- 9.5 Reinforcement Learning from Automatic Feedback for High-Quality Unit Test Generation
- Authors: Benjamin Steenhoek, Michele Tufano, Neel Sundaresan, Alexey Svyatkovskiy
- Reason: Methodology proposed has demonstrated significant improvement in test generation quality. This not only has applications in software development but also has a potential impact on machine learning models’ quality and performance.
- 9.5 Discovering General Reinforcement Learning Algorithms with Adversarial Environment Design
- Authors: Matthew Thomas Jackson, Minqi Jiang, Jack Parker-Holder, Risto Vuorio, Chris Lu, Gregory Farquhar, Shimon Whiteson, Jakob Nicolaus Foerster
- Reason: This paper stands out because of its novel approach to meta-learning for reinforcement learning tasks and has been accepted at a reputed conference (NeurIPS 2023). The authors’ focus on environment design and regret-based algorithm evaluation is a significant contribution.
- 9.3 Learning Optimal Advantage from Preferences and Mistaking it for Reward
- Authors: W. Bradley Knox, Stephane Hatgis-Kessell, Sigurdur Orn Adalgeirsson, Serena Booth, Anca Dragan, Peter Stone, Scott Niekum
- Reason: The paper investigates human preference models in reinforcement learning which is crucial for creating RL models that interact with or learn from human input.

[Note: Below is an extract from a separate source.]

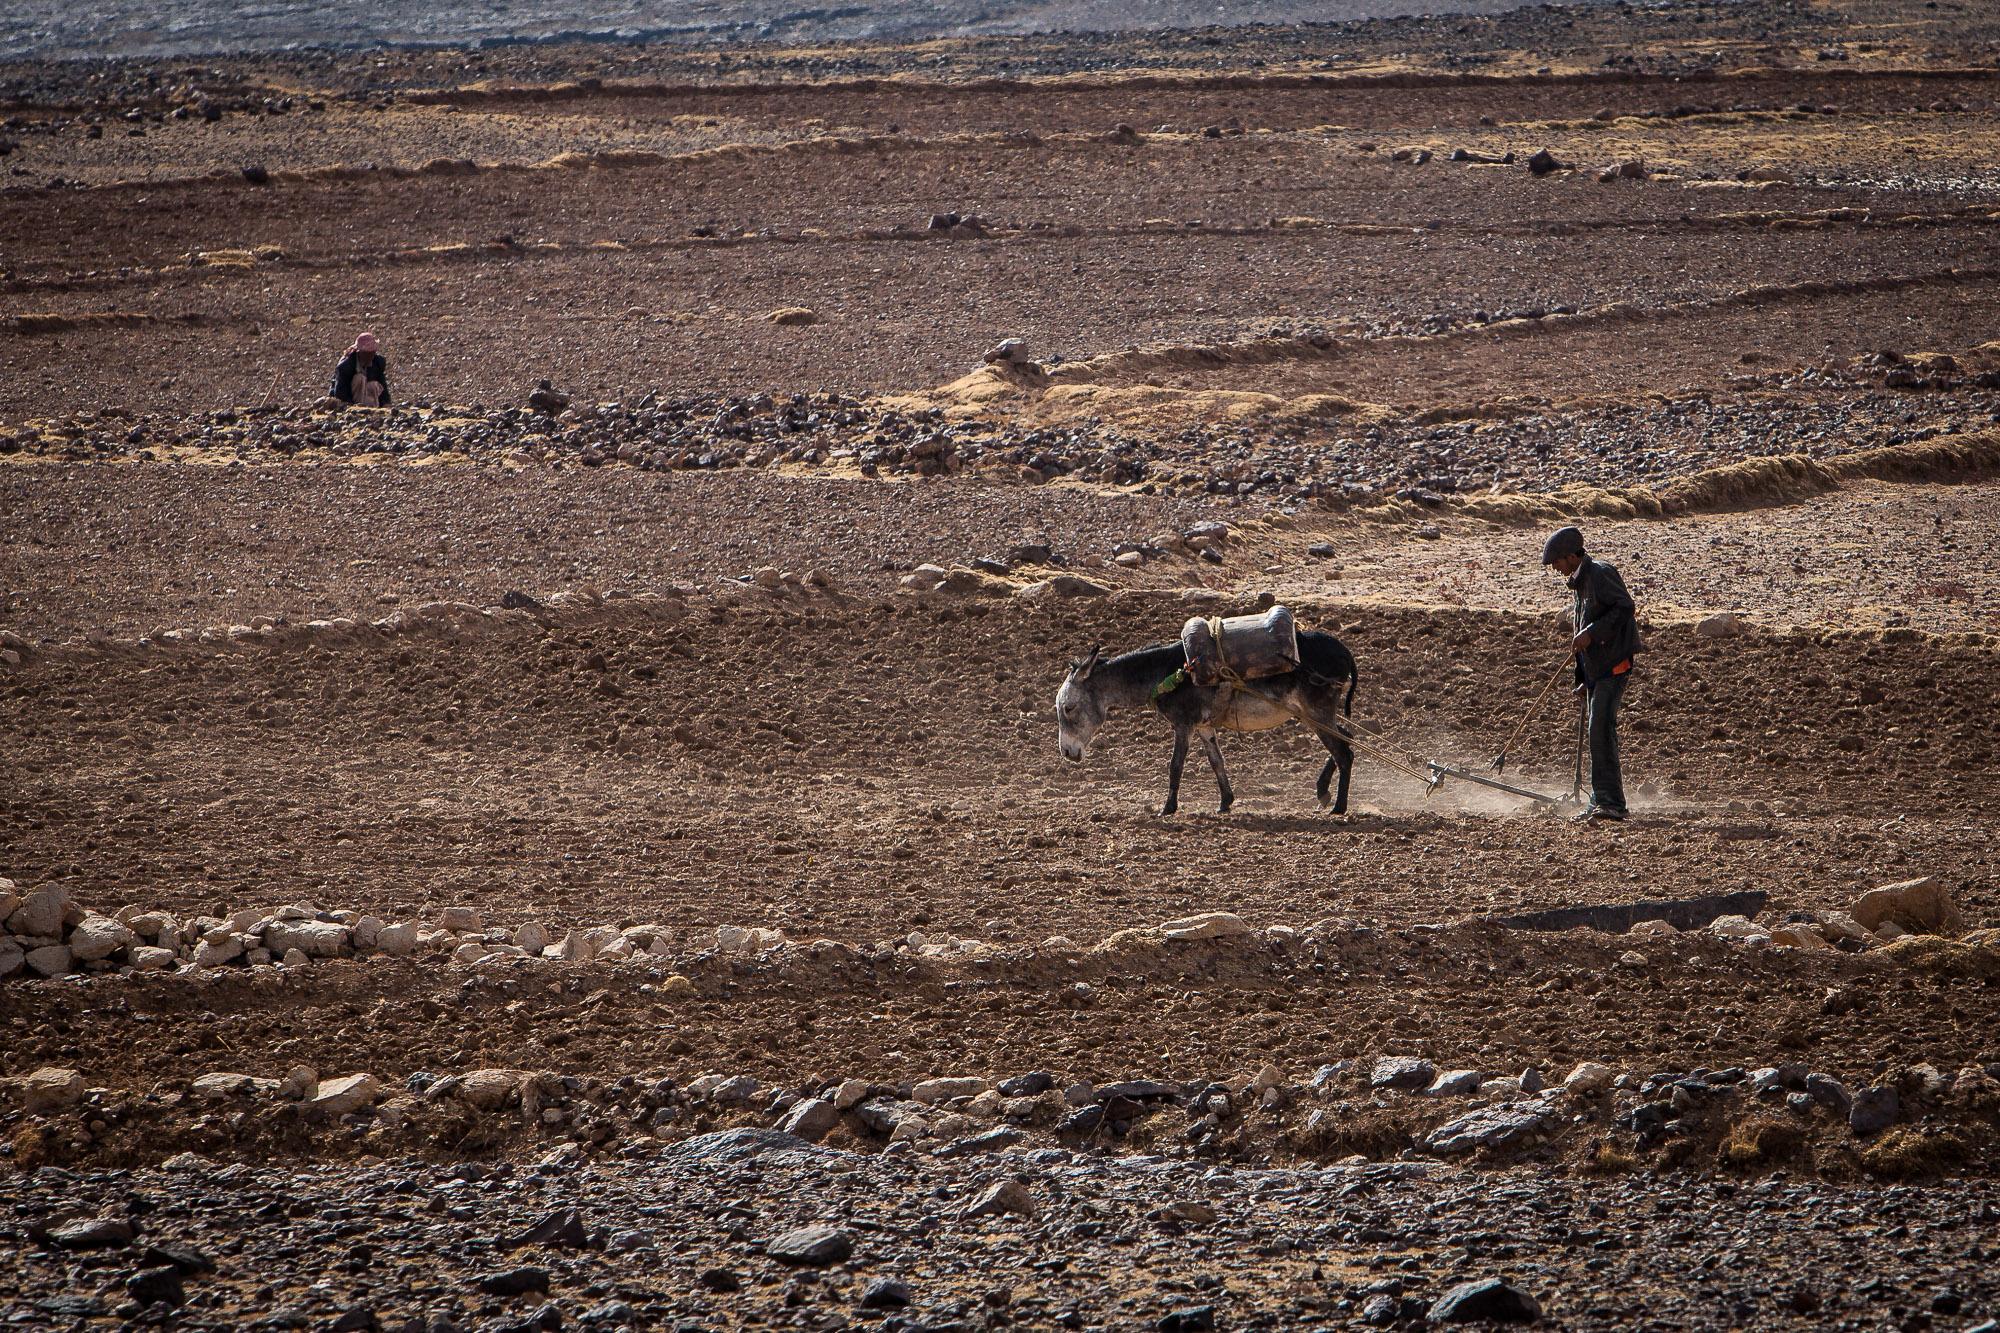 Tomaž Velechovsky_Donkey plowing

- 9.2 Searching for High-Value Molecules Using Reinforcement Learning and Transformers
- Authors: Raj Ghugare, Santiago Miret, Adriana Hugessen, Mariano Phielipp, Glen Berseth
- Reason: The application of RL and transformers to high-value molecule search is novel. The authors provide a comprehensive survey and results on multiple problem domains, strengthening the potential influence of the paper.
- 9.0 Distributionally Safe Reinforcement Learning under Model Uncertainty: A Single-Level Approach by Differentiable Convex Programming
- Authors: Alaa Eddine Chriat, Chuangchuang Sun
- Reason: The approach developed is first of its kind and tackles the critical issue of safety in RL, especially in safety-critical environments.

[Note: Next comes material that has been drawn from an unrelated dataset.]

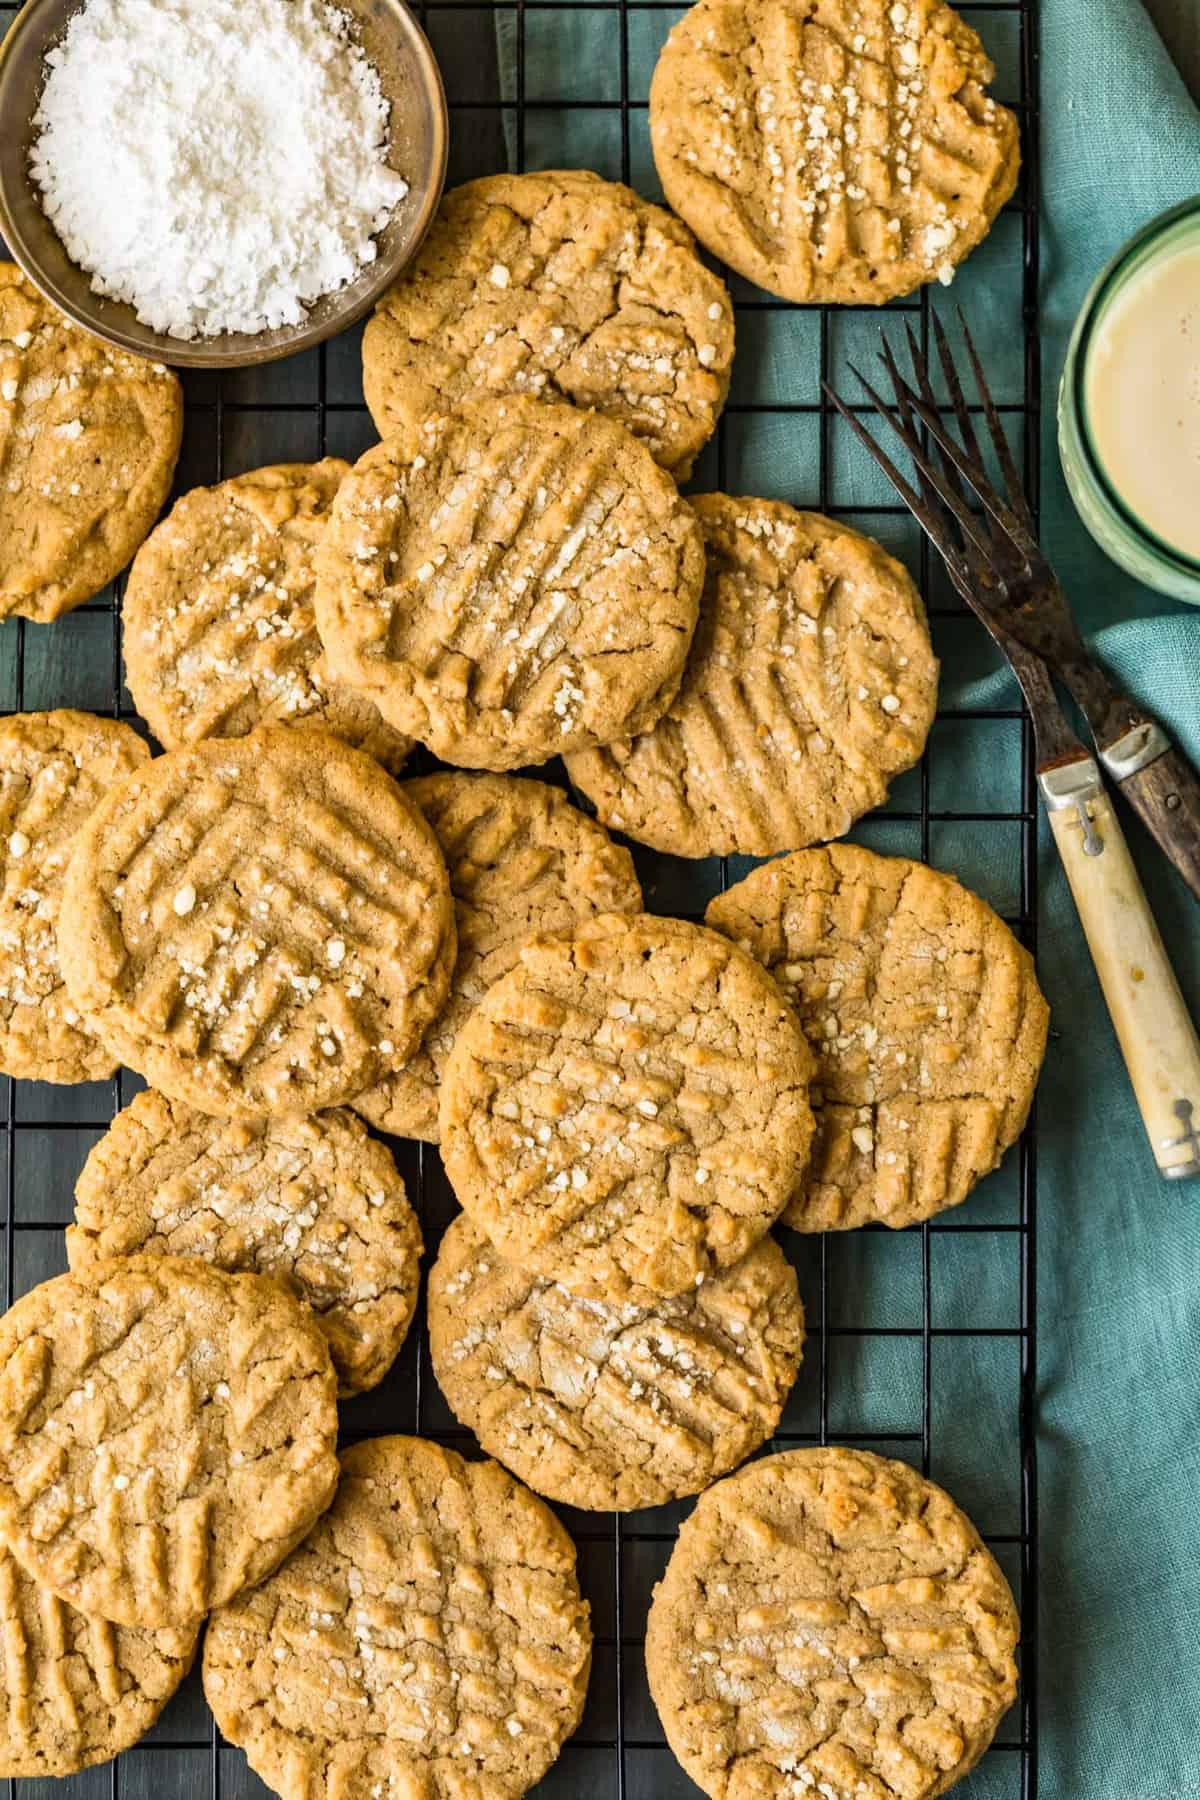 Top shot of cookies

- 8.9 Use Your INSTINCT: INSTruction optimization usIng Neural bandits Coupled with Transformers
- Authors: Xiaoqiang Lin, Zhaoxuan Wu, Zhongxiang Dai, Wenyang Hu, Yao Shu, See-Kiong Ng, Patrick Jaillet, Bryan Kian Hsiang Low
- Reason: The paper introduces a new method to tune the instructions given to large language models, which might have a significant impact on the performance of many applications using these models.
- 8.8 Learning to Reach Goals via Diffusion
- Authors: Vineet Jain, Siamak Ravanbakhsh
- Reason: A novel approach to goal-conditioned reinforcement learning presented in the paper could potentially improve optimization strategies with RL.
- 8.5 Online Estimation and Inference for Robust Policy Evaluation in Reinforcement Learning
- Authors: Weidong Liu, Jiyuan Tu, Yichen Zhang, Xi Chen
- Reason: The paper introduces a novel procedure for policy evaluation in reinforcement learning, considering robust statistics that can handle outlier and heavy-tailed distributions. It solves a major issue in policy evaluation in RL and hence has a major potential impact on the community.
- 8.5 Expected flow networks in stochastic environments and two-player zero-sum games
- Authors: Marco Jiralerspong, Bilun Sun, Danilo Vucetic, Tianyu Zhang, Yoshua Bengio, Gauthier Gidel, Nikolay Malkin
- Reason: The author list includes some of the leading figures on machine learning and specifically reinforcement learning (like Yoshua Bengio), which is precisely the basses of this paper.
- 8.1 Towards Fully Adaptive Regret Minimization in Heavy-Tailed Bandits
- Authors: Gianmarco Genalti, Lupo Marsigli, Nicola Gatti, Alberto Maria Metelli
- Reason: Although niched, the paper’s exploration of adaptive heavy-tailed bandit problems and the proposed solutions are interesting and can be influential in heavy-tailed bandit problems and regret minimization research.